The Houston [1st] Court of Appeals has reversed a significant judgment against a manufacturer in a personal injury case against the manufacturer’s subsidiary.
Lippert Components, Inc. v. Quinton Williams (No. 01-22-00501-CV; May 1, 2025) arose from injuries allegedly suffered by Plaintiff (Williams) while working as a temporary worker at a facility owned and operated by a subsidiary of Defendant (Lippert). Plaintiff, an employee of a temporary staffing company (Diversified Sourcing Solutions) was injured when he reached out stop glass sheets from falling off of a cart. One of the sheets broke, severely injuring his arm. Plaintiff sued Lippert and its subsidiary, among other defendants, in Travis County. The subsidiary successfully moved to transfer venue to Ellis County, where the injury occurred. Plaintiff asserted negligence, premises liability, and product liability. The parties agreed to nonsuit the subsidiary, and Plaintiff abandoned his products liability and premises liability claims against Lippert during trial.
After a five-day trial, the jury found both parties negligent and apportioned 95% to Defendant and 5% to Plaintiff.
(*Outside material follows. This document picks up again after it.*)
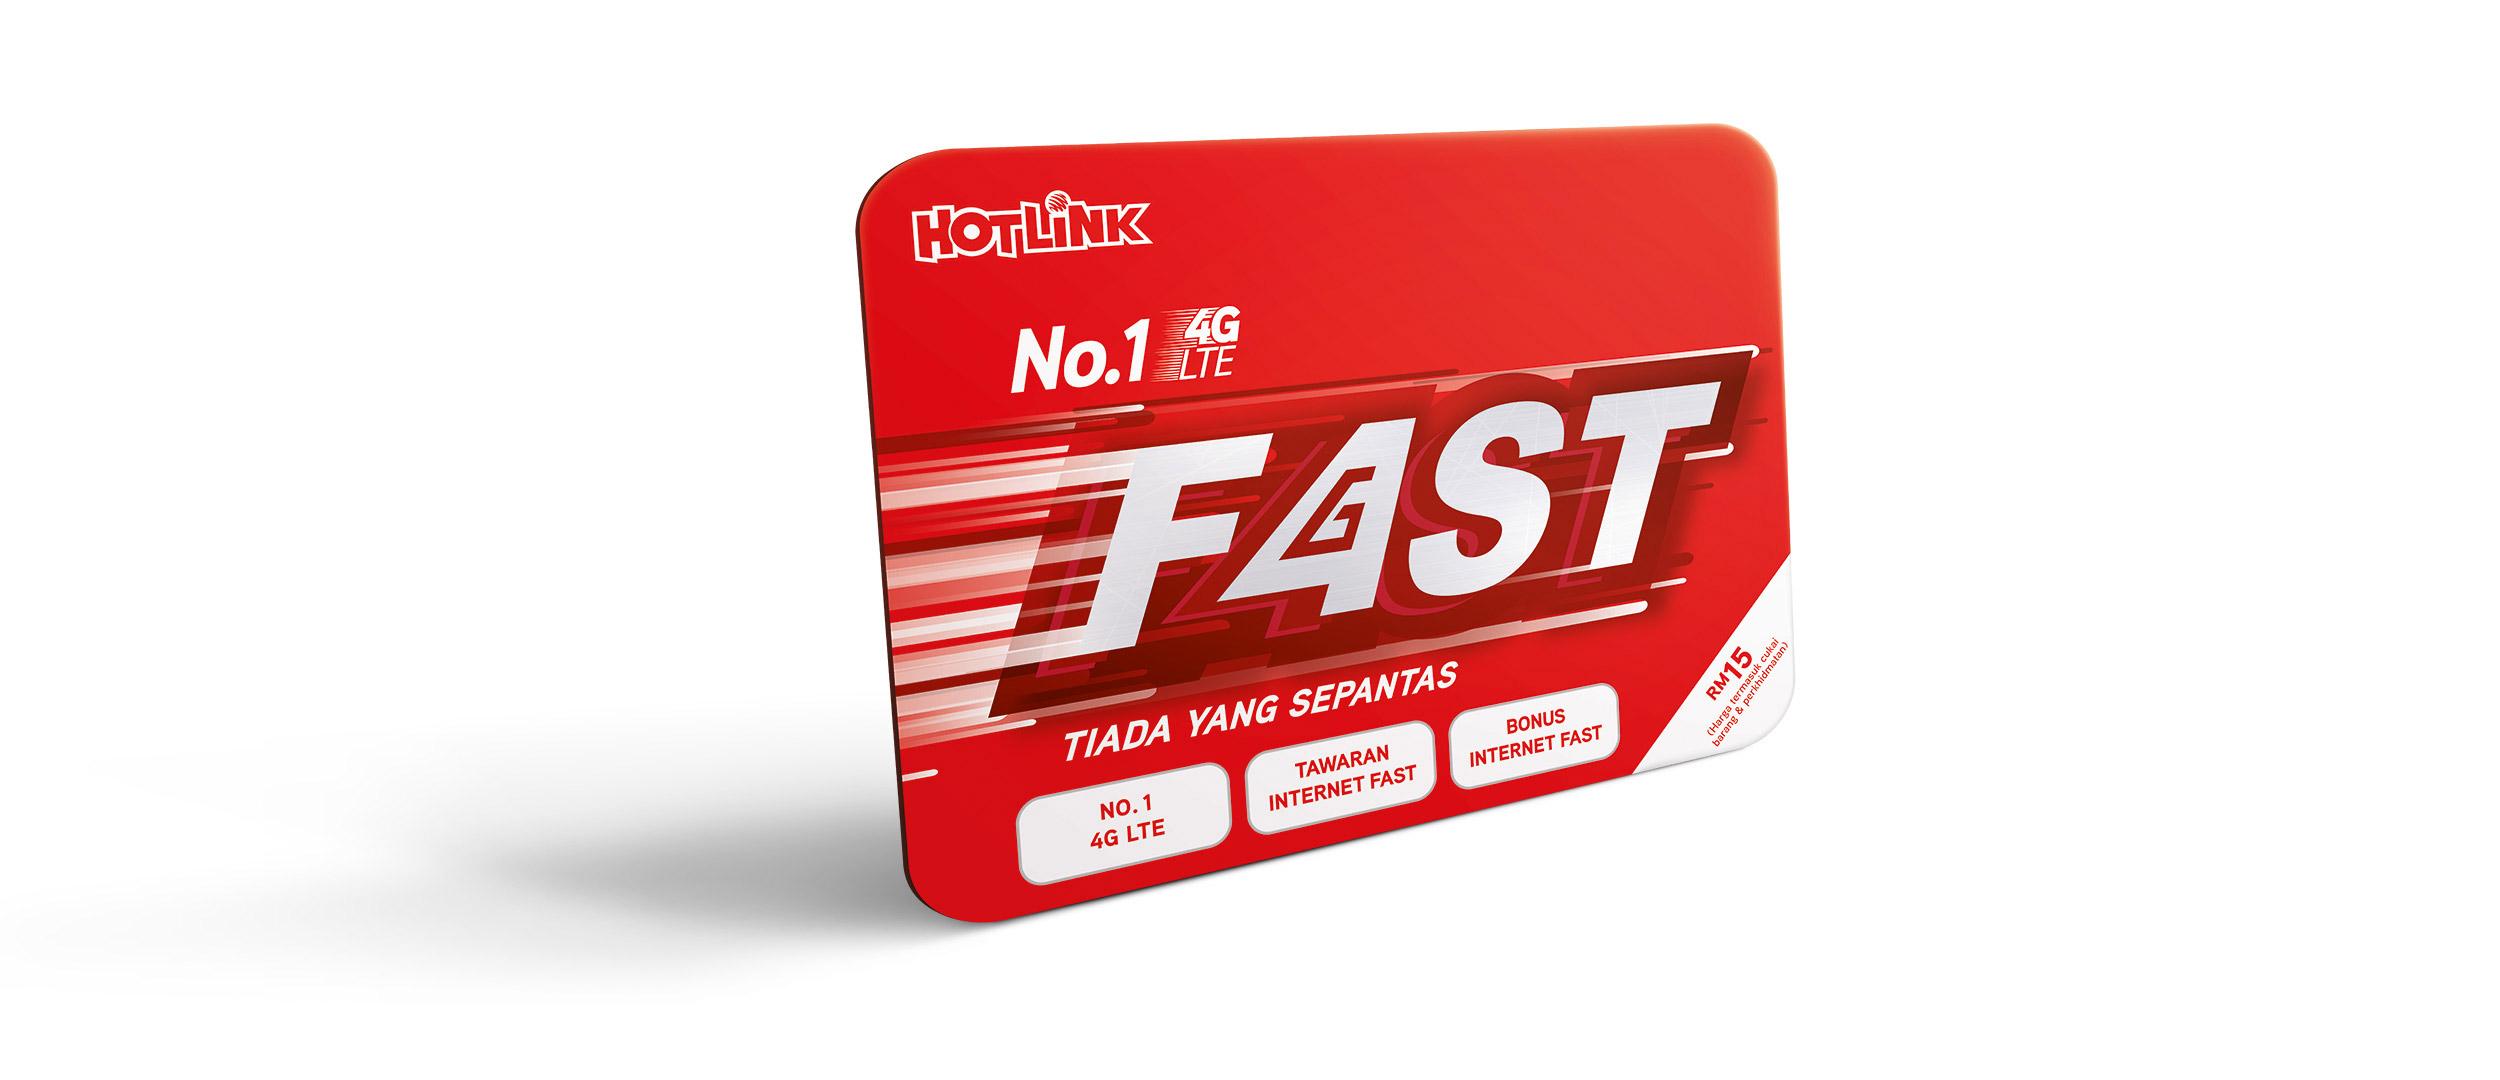 Hotlink No.1 4G LTE FAST

It found total damages of $1,699,684.41, divided as follows: $87,600 for past physical pain and mental anguish; $613,200 for future physical pain and mental anguish; $87,600 for past physical impairment; $613,200 for future physical impairment; $198,084 in future medicals. Taking out Plaintiff’s 5%, the trial court entered judgment for $1,519,700, together with pre- and post-judgment interest and court costs. Defendant moved for a new trial, which the trial court denied. Defendant appealed to the Waco Court of Appeals. SCOTX transferred the case to the Houston [1st] Court of Appeals.
In an opinion by Justice Guiney, the court of appeals reversed and rendered. In its first issue, Defendant argued that the trial court erred in submitting both negligence and negligent undertaking claims to the jury because it didn’t owe or undertake a duty to ensure the safety of its subsidiary’s employees. Defendant further asserted legal and factual insufficiency. To establish a “negligent undertaking,” according to the court, “a plaintiff must show that (1) the defendant undertook to perform services that it knew or should have known were necessary for the plaintiff’s protection; (2) the defendant failed to exercise reasonable care in performing those services; and either (a) the plaintiff relief upon the defendant’s performance, or (b) the defendant’s performance increased the plaintiff’s risk of harm” (citations omitted).
Did Defendant owe Plaintiff a duty to maintain a safe workplace? The jury found that Defendant exercised “specific control over the specific aspect of safety” alleged to have caused the injury. Plaintiff presented evidence that Defendant stated a “general commitment to workplace safety,” but that alone “does not demonstrate actual control or the right to control the specific aspect of safety required to impose a duty” (citations omitted). Defendant also conducted periodic safety inspections, made nonbinding recommendations, and issued a safety manual to the subsidiary, although the sub made all the decisions. None of this evidence, however, established actual control. Moreover, “[a] negligent undertaking claim requires an affirmative action and cannot be predicated on a failure to act” (citations omitted). Thus Plaintiff’s argument that Defendant never confirmed that employees at the sub received the safety manual, never recommended that brakes be installed on the cart (from which the glass fell), and never ensured that Plaintiff received safety training was “unavailing.” The court, consequently, concluded that “there was no more than a scintilla of evidence that Defendant exercised control with the specific aspect of safety that led to [Plaintiff’s] injury necessary to impose a duty on Defendant,” and reversed and rendered judgment for Defendant.